-- Dataset content follows --
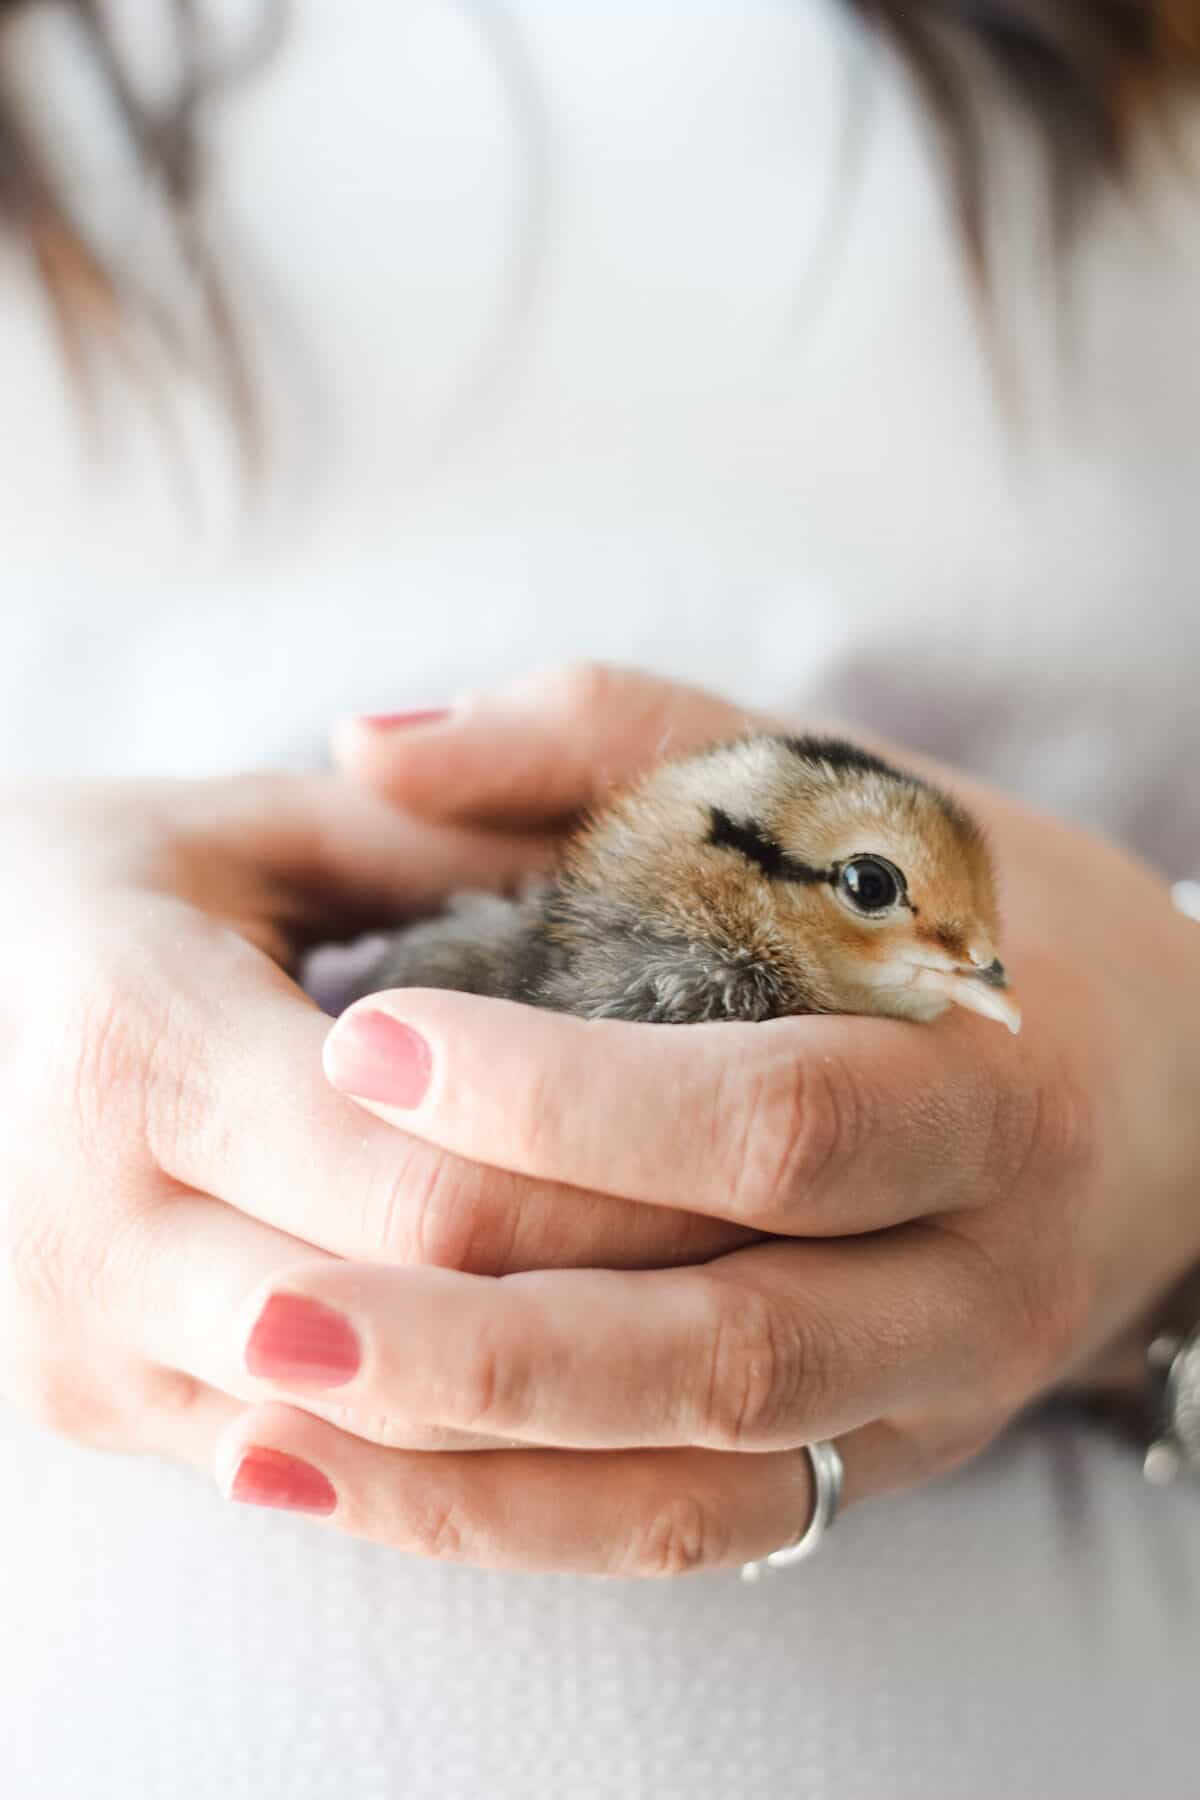 Mary holding a chick in hands.
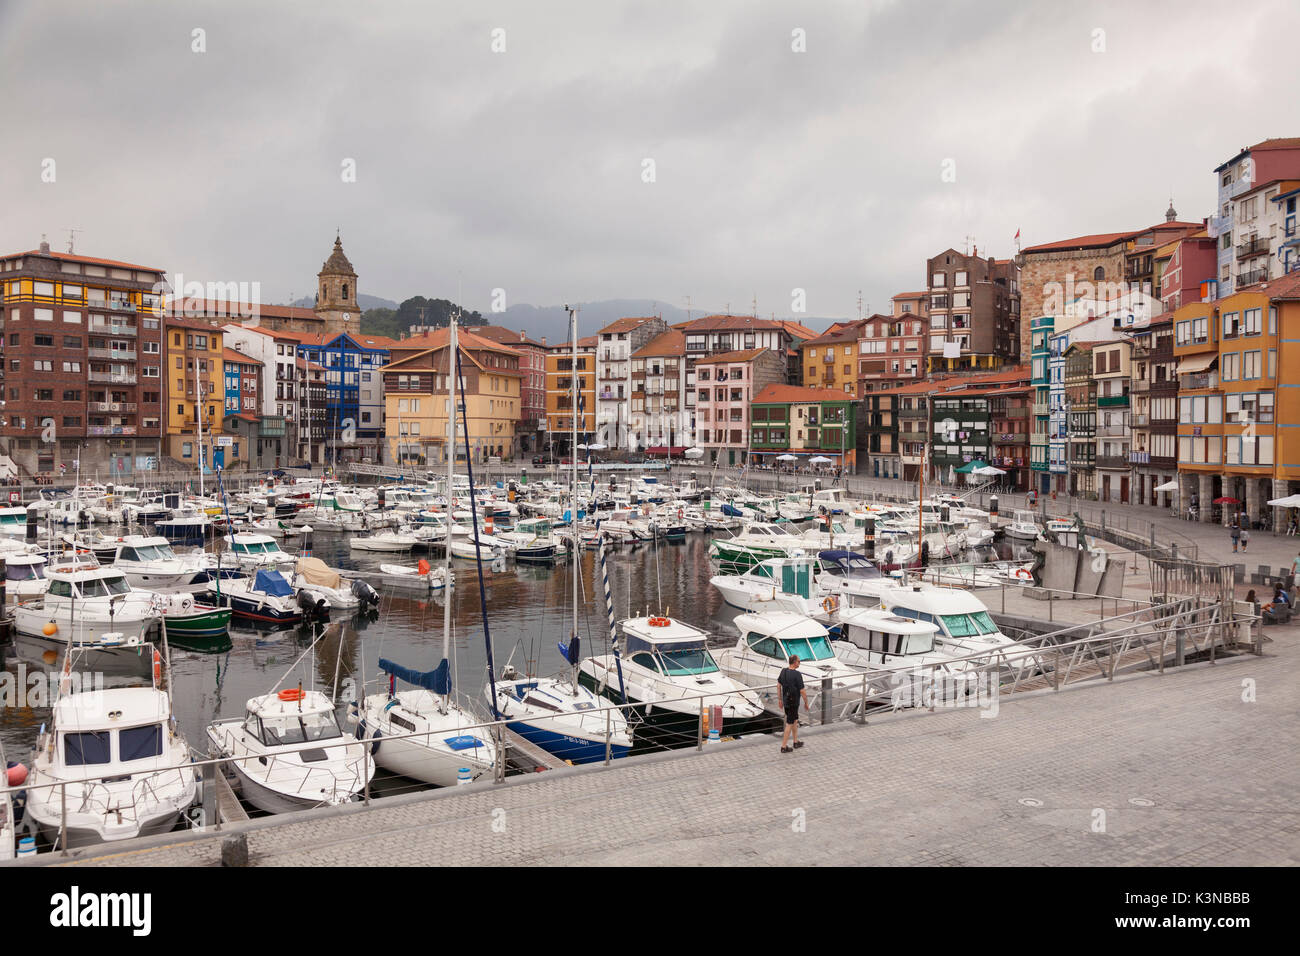 Bermeo, province of Biscay, Basque country, Northern Spain. View of harbour Stock Photo
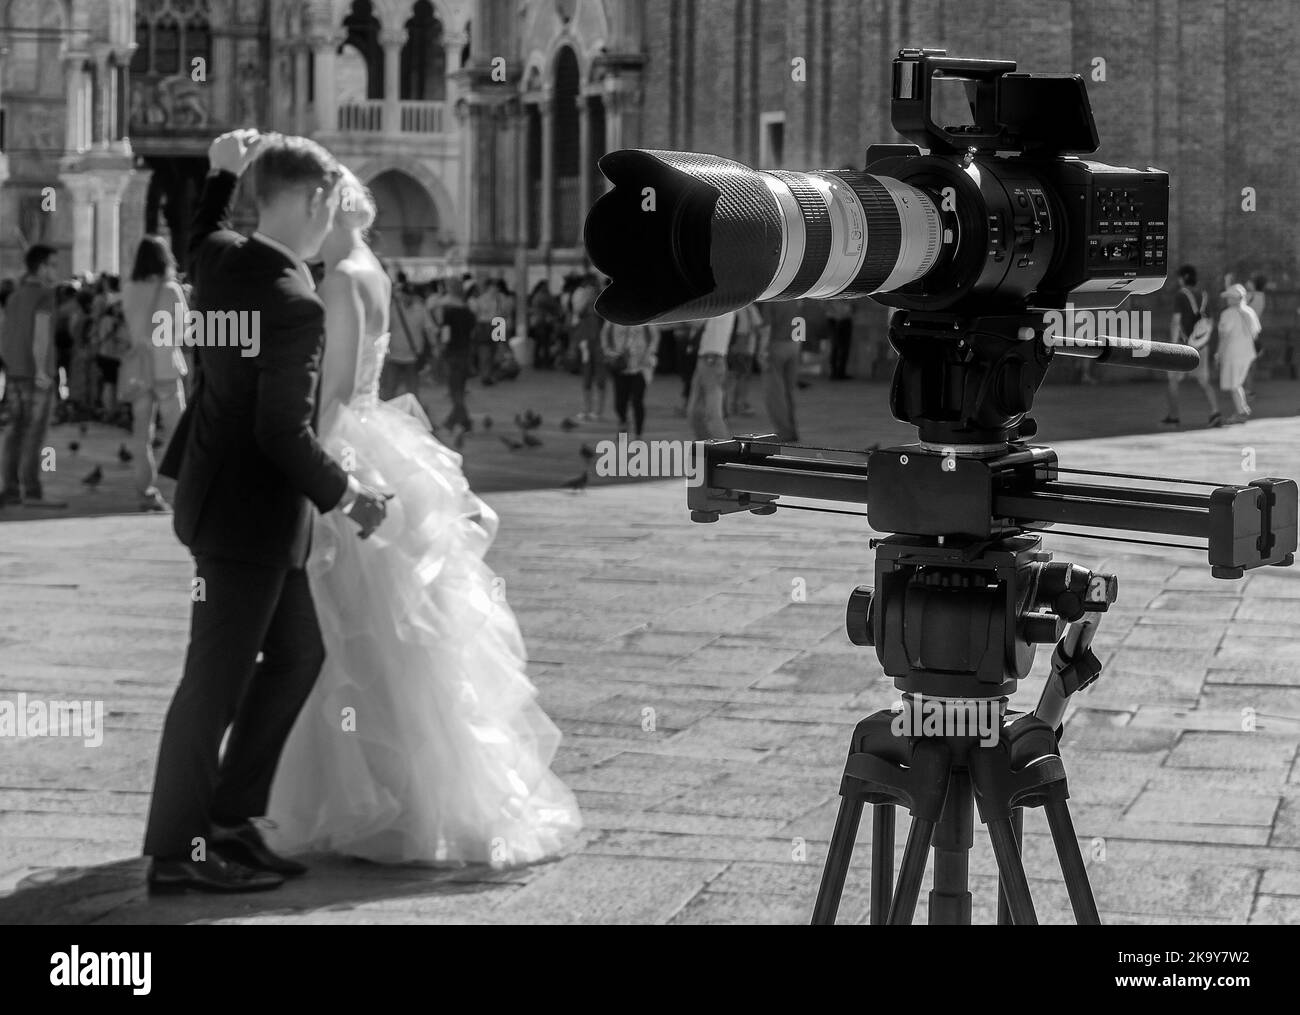 A young newlywed couple dances in Piazza San Marco, Venice, Italy, filmed by a camera, in black and white Stock Photo
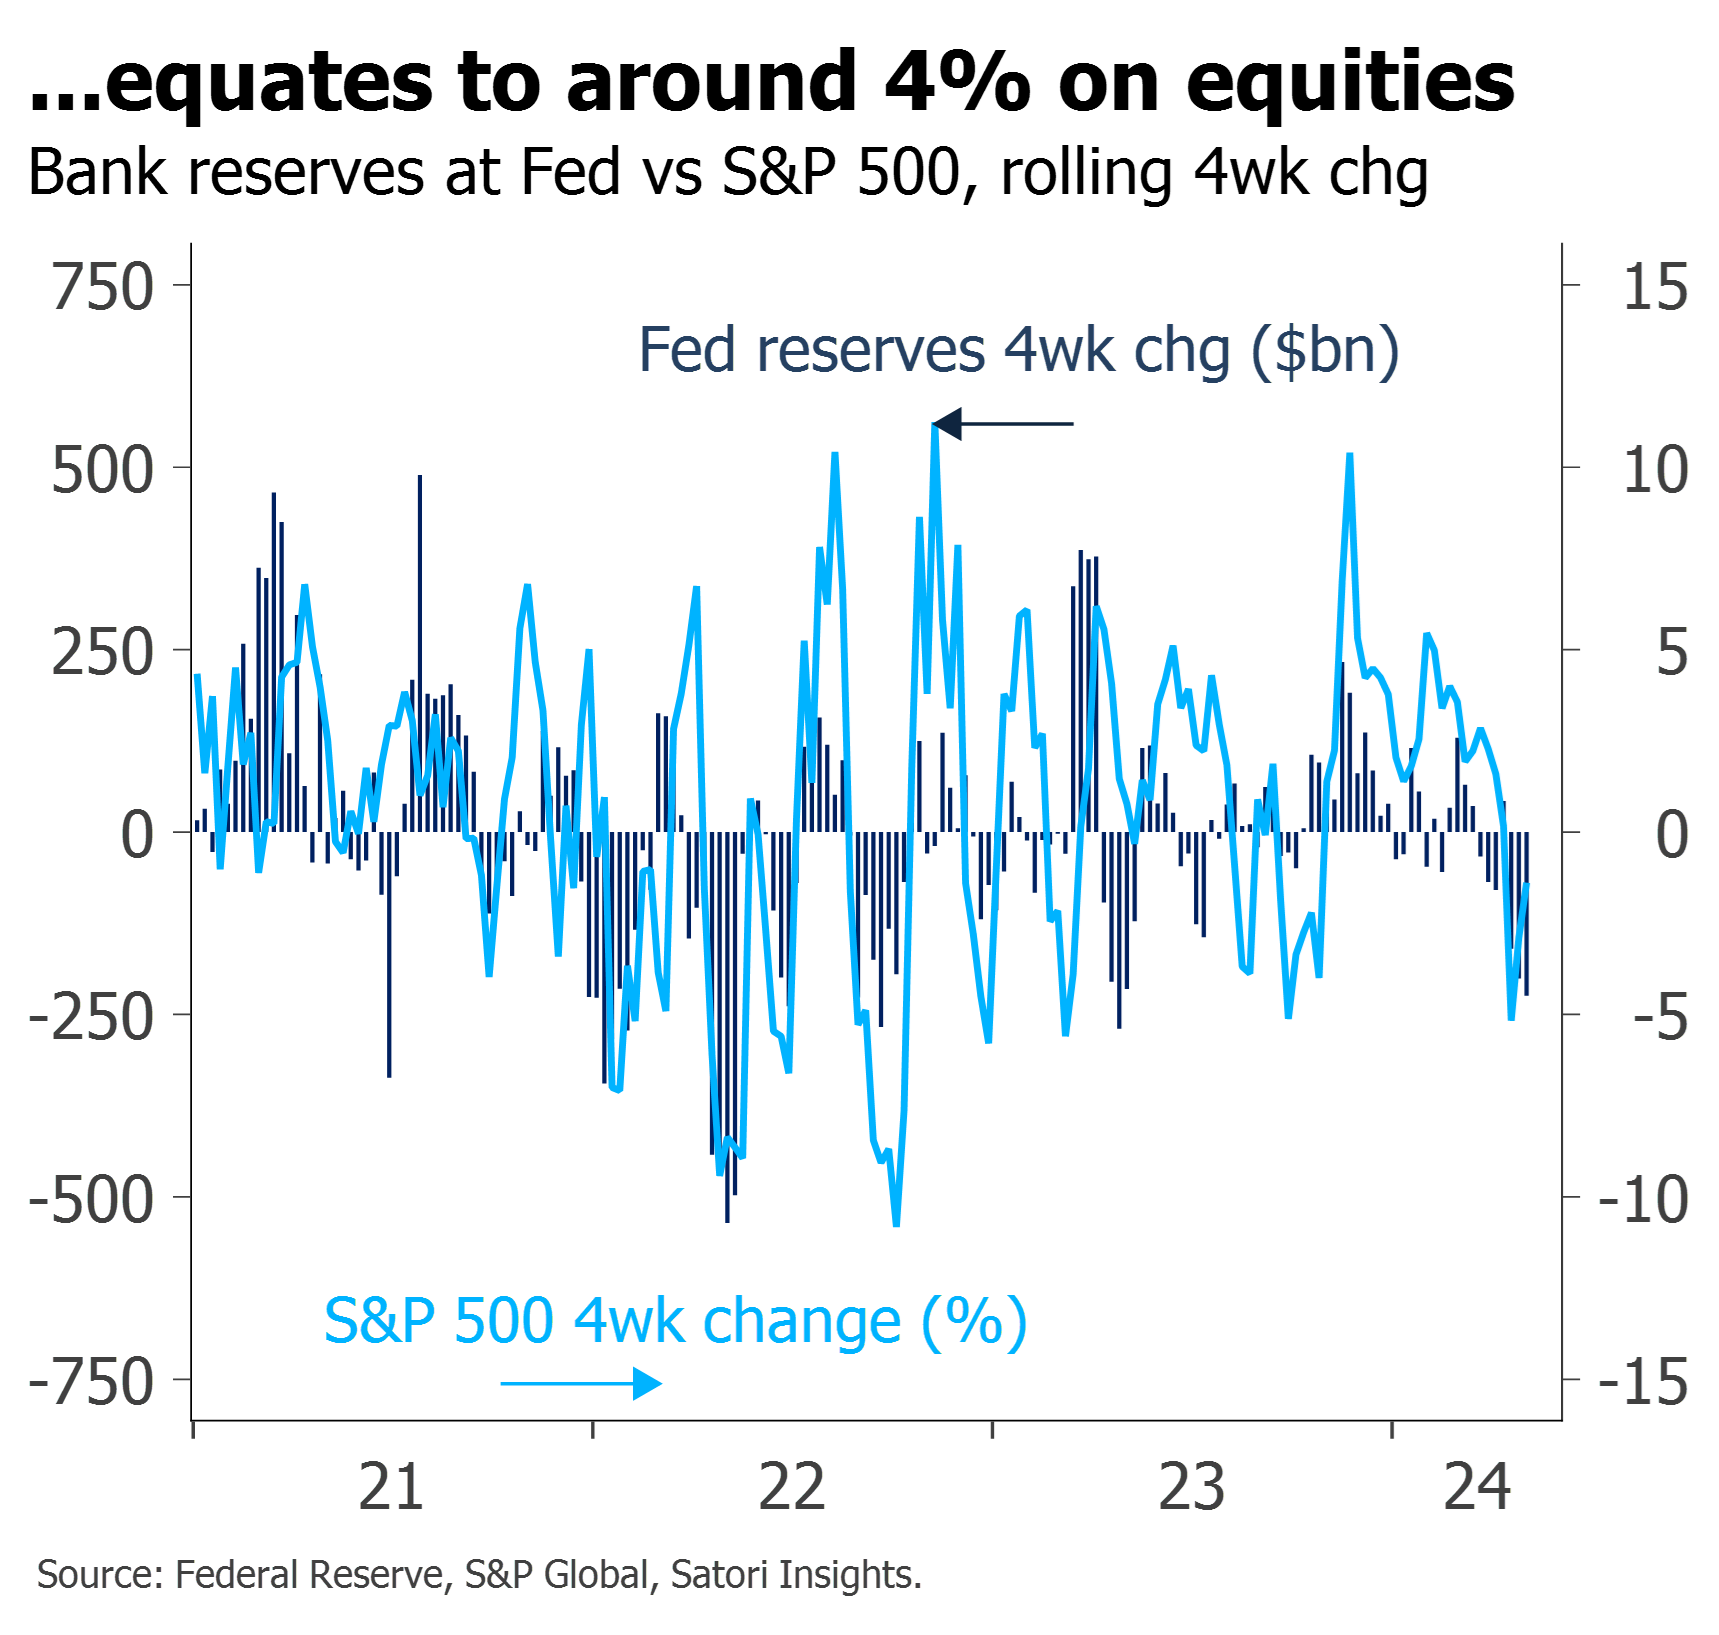 fed reserves changes correlating with spx
-- Dataset content concluded --
■ **Work task**
Only an exact copy of the lines from the one with "A young newlywed" through the last line of the data above is wanted, and no pictures.

■ **Answer to this problem**
 A young newlywed couple dances in Piazza San Marco, Venice, Italy, filmed by a camera, in black and white Stock Photo
 fed reserves changes correlating with spx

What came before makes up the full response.